A security guard stands in the main entrance to the Reserve Bank of New Zealand located in central Wellington, New Zealand, July 3, 2017. REUTERS/David Gray/Files
In a Reuters poll, 16 economists unanimously expect the Reserve Bank of New Zealand (RBNZ) to keep rates on hold at a record low of 1.75 percent for the fifteenth time in a row, at its first monetary policy announcement of the year on Wednesday afternoon.
Six of the 15 economists who made predictions beyond this week’s decision expected at least one hike to the official cash rate (OCR) by the end of the year, though one expected a cut to 1.50 percent.
The bank was expected to become more dovish in its tone due to a slew of economic indicators suggesting softer growth and the risk of spillover from Brexit and the ongoing trade tensions between the United States and China, New Zealand’s key trading partner.
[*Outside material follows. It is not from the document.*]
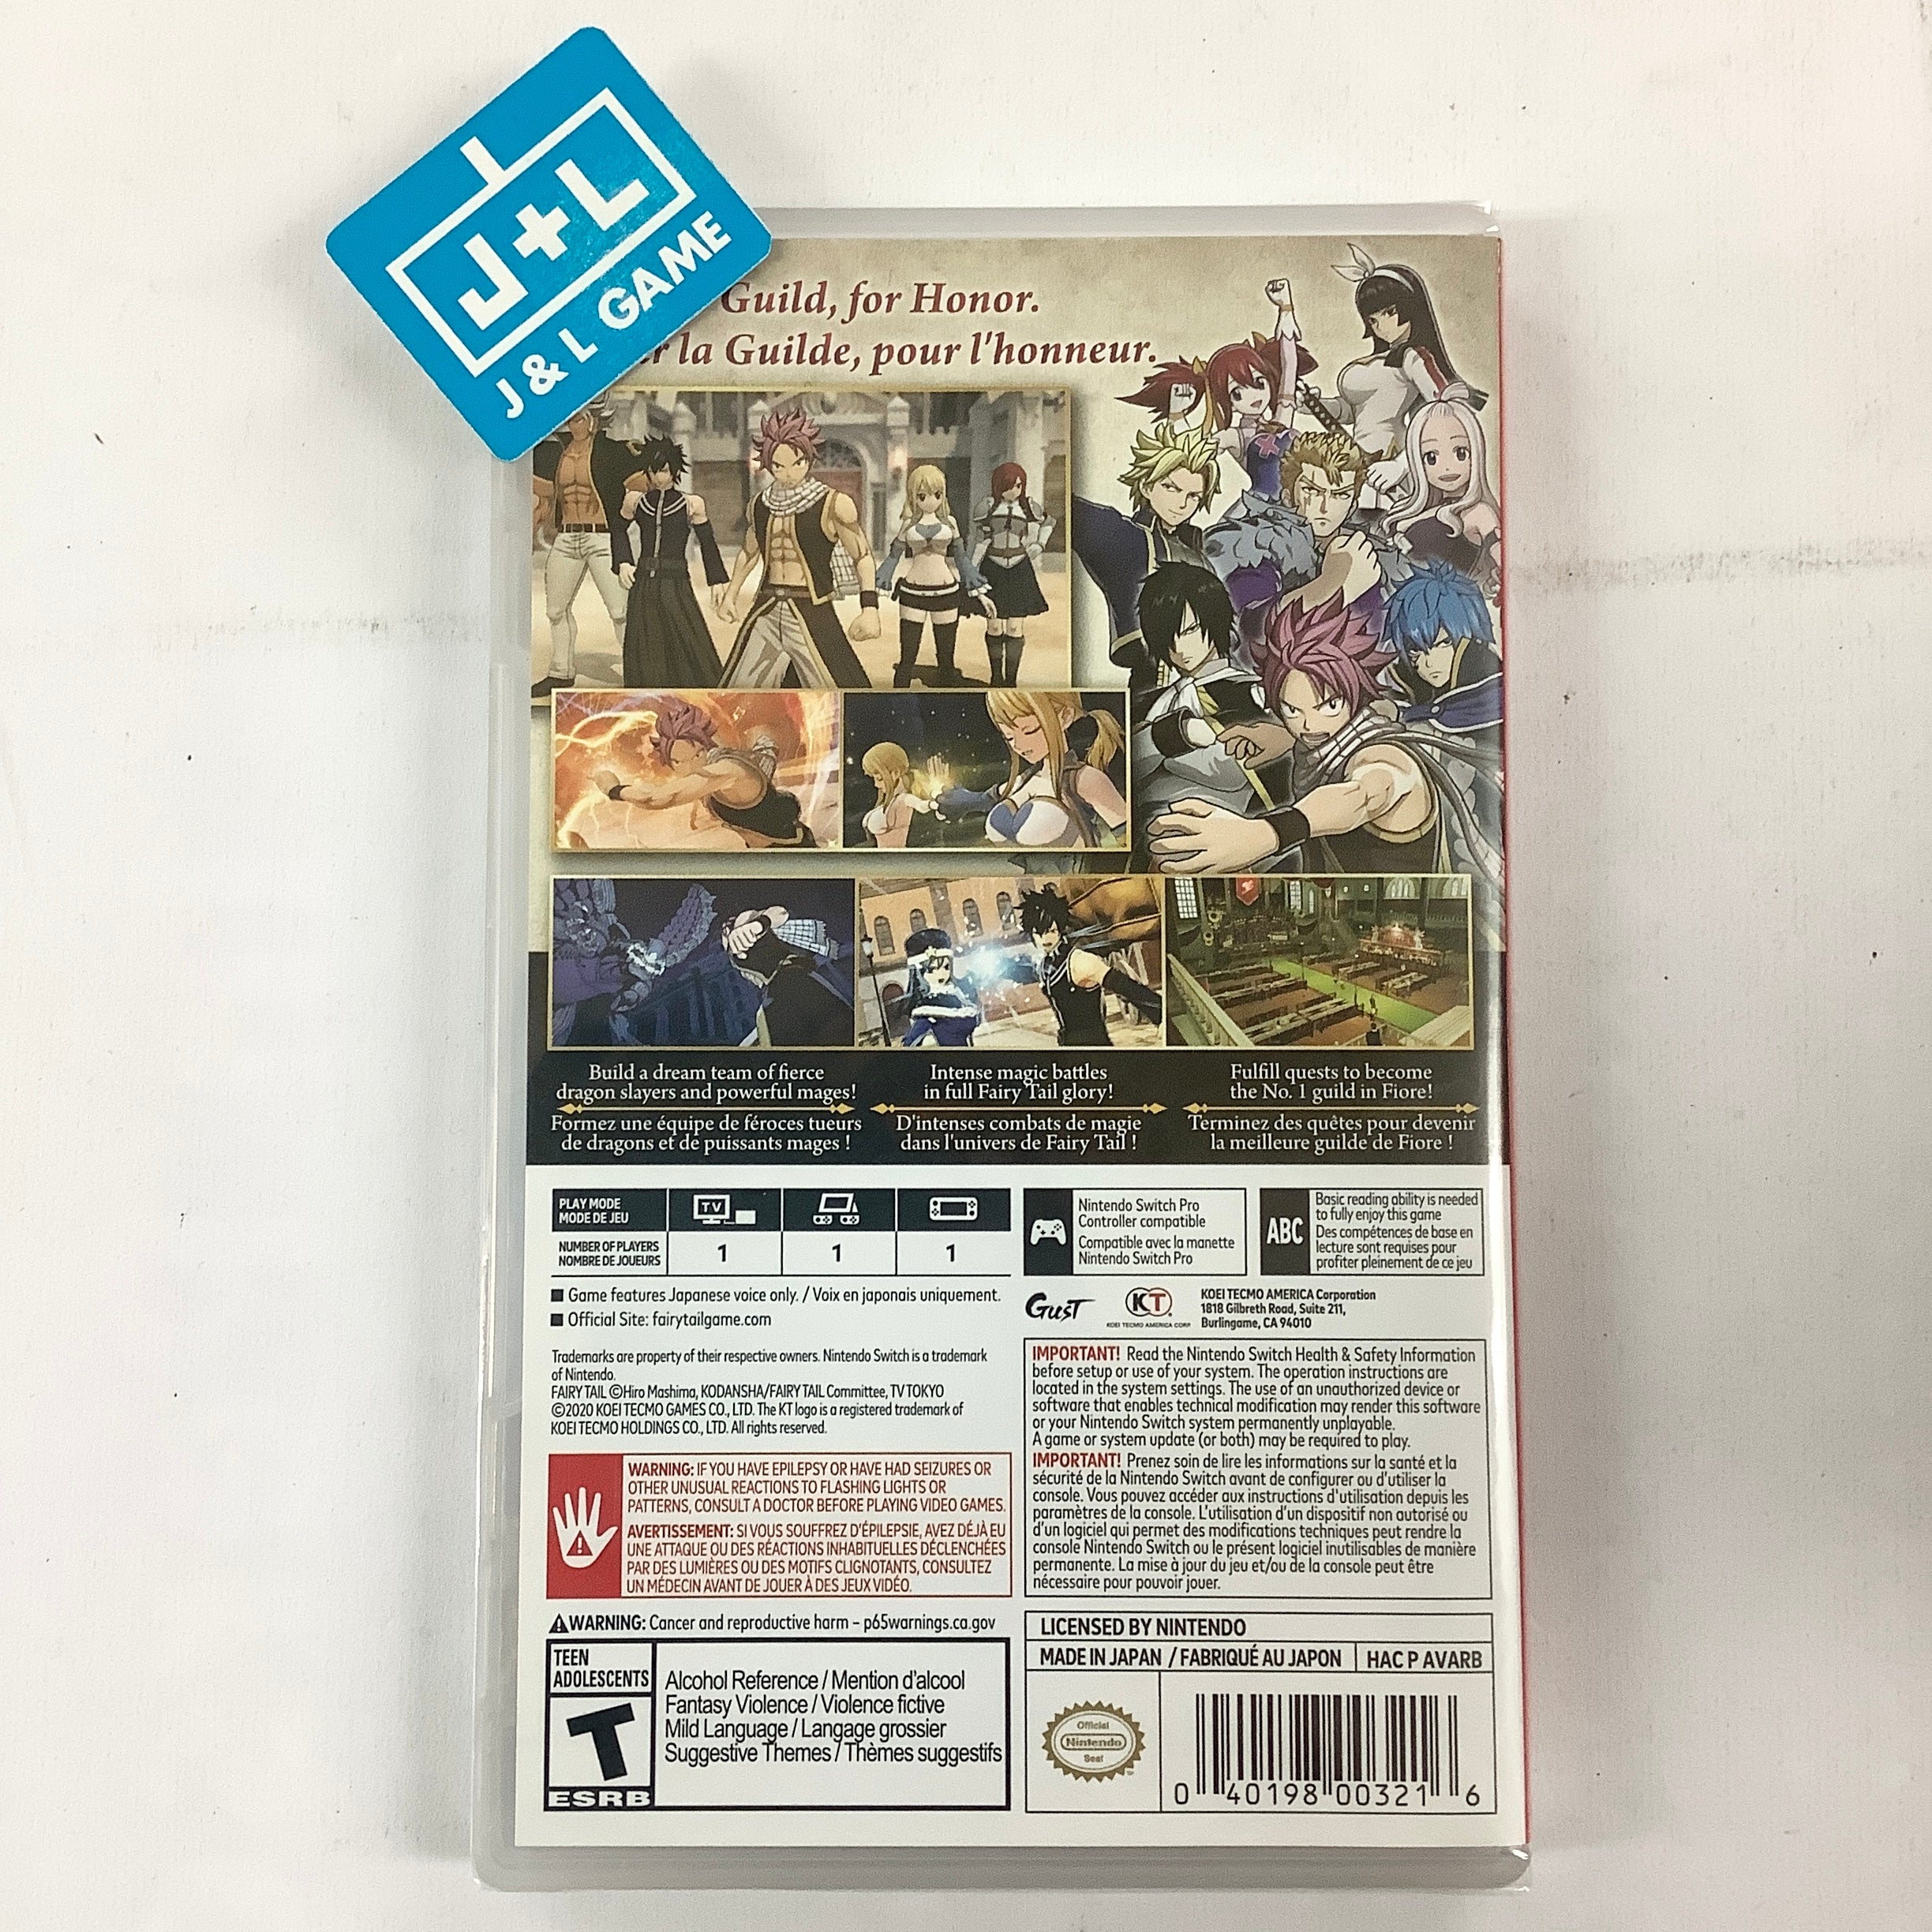 Fairy Tail - (NSW) Nintendo Switch Video Games Koei Tecmo Games

“Inflation pressures have lifted, and business confidence is recovering, but the increased downside risks to the growth outlook means the Reserve Bank is likely to remain cautious as to when it starts to normalise monetary policy by lifting interest rates,” said Christina Leung, Principal Economist at the New Zealand Institute of Economic Research (NZIER).
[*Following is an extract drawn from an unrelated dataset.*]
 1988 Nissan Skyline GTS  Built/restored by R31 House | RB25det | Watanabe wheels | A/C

“There remains the potential for an OCR cut should economic conditions deteriorate.”
Economic growth slumped to 0.3 percent in the third quarter, its slowest pace in nearly five years and missing the bank’s forecast of 0.7 percent. Official labour statistics released last week showed a surprise pick-up in the unemployment rate in the final three months of 2018.
Elsewhere, several closely-watched central banks, including the Bank of England and the Reserve Bank of Australia, have already downgraded growth forecasts in recent weeks.
The revisions follow the U.S. Federal Reserve’s dovish shift last month, seen by markets as a signal that its three-year-drive to tighten monetary policy may be at an end amid global headwinds and budget and trade tensions.
“Global data has struck a softer note and risks have increased sharply, with central banks turning more dovish in concert,” said economists at ANZ Bank, which is forecasting the RBNZ will slash rates to 1 percent by mid-2020.
“We expect the RBNZ will join the chorus this week, employing a similarly dovish tone that echoes the tenor of other central banks and market pricing, which has moved to price in a good chance of a rate cut, reflecting the changing balance of risks,” they added.